On Sunday, May 2, 2004, at 02:30 PM, Keith Addison wrote:

Herman Daly's book Beyond Growth was required reading in the 
program  I was in a few years ago, for the course in Ecological 
Economics (not  your typical course or program!, especially in '99).

I haven't read it. :-( But I've read a lot of excerpts and 
commentaries, as with the other eco-economists, and Georgescu. 
Reading books is slow stuff for me these days, a couple of minutes at 
a time tucked in here and there, a severe problem and I don't know 
what to do about it.

 It's very interesting reading..my copy kept me up late making 
copious  notes in the margins!
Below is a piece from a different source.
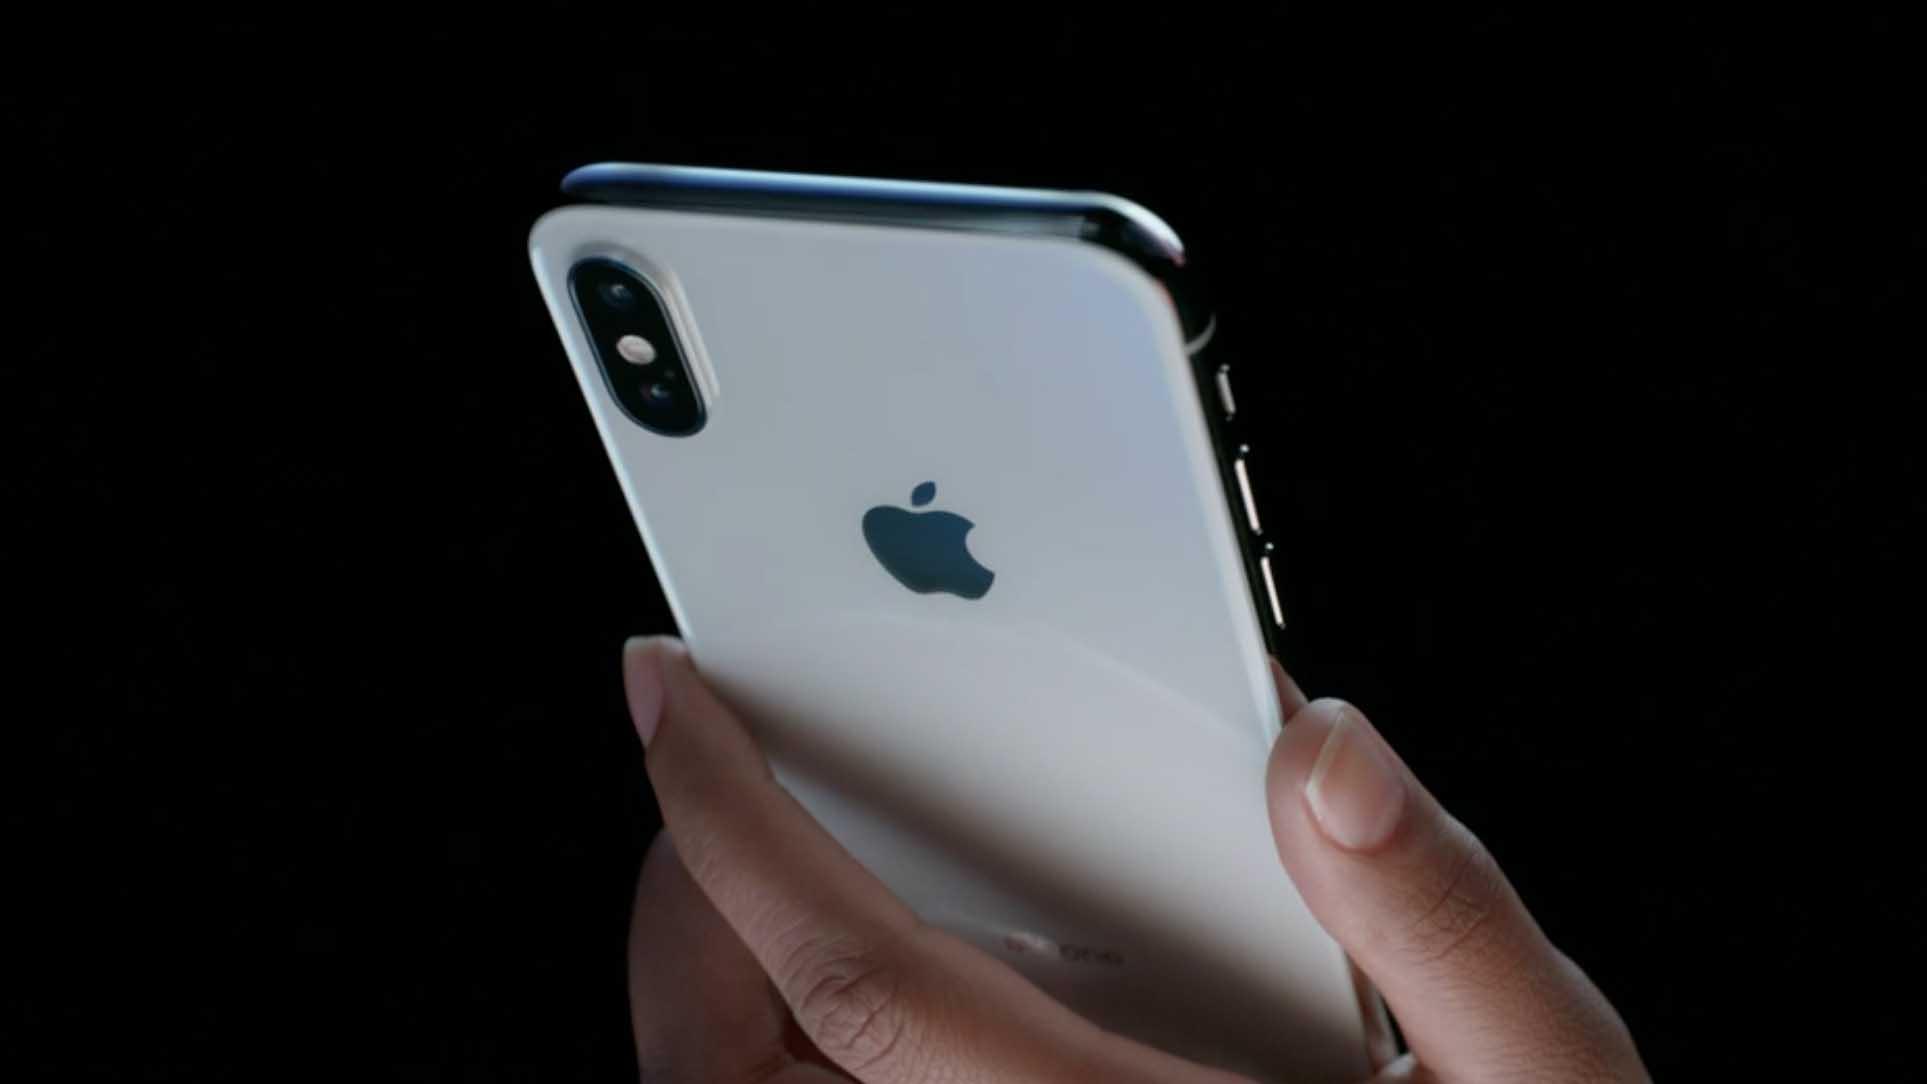 Apple iPhone 8 8 Plus and iPhone X Camera Specs revealed - iPhone X é o melhor celular para fotografia

A real eye-opener.

And, despite what we may think, Adam Smith did have a fairly strong 
notion of the need to maintain the social fabric of society - more 
than  he's given credit for. Too much selective quoting, and quoting 
out of  context going on with his stuff, too often, I think...

So do I think. Often by people who don't seem to have read The 
Wealth of Nations (which I have read, ha!). It's amusing to imagine 
an argument between a reincarnated Adam Smith, given a few months to 
look around at today's world and another few months to recover from 
it, and say Milton Friedman. Or Alan Greenspan. Or any of their ilk. 
It certainly would be an argument. I'd put my money on Smith. I think 
he'd agree more with Daly et al. I don't think he'd like this, for 
instance:

The Adam Smith Institute, the ultra-rightwing lobby group, now 
receives more money from Britain's Department for International 
Development (DfID) than Liberia or Somalia, two of the most desperate 
nations on Earth. ... The institute's purpose is to devise new means 
for corporations to grab the resources that belong to the public 
realm. [From another reference:] The brains behind these stunts is 
Adam Smith International, the global consulting arm of the UK-based 
think tank. The money came from DFID, which in recent years has 
channelled more than a quarter of a million pounds of its allocation 
to Tanzania through Adam Smith International. The use of substantial 
sums of UK aid money in one of the world's poorest countries to swing 
the public behind a World Bank-led water privatisation may be 
surprising to UK taxpayers.

Also: Vijay Vaitheeswaran of The Economist in his new book, 'Power 
to the People' joins others in saying, in essence, that what's really 
needed is a marriage between Adam Smith, the father of free markets, 
and Rachel Carson, the mother of the environmental movement. They're 
not incompatible, despite all the neo-liberal cant to the contrary. I 
think it largely amounts to the eco-economists, and Schumacher.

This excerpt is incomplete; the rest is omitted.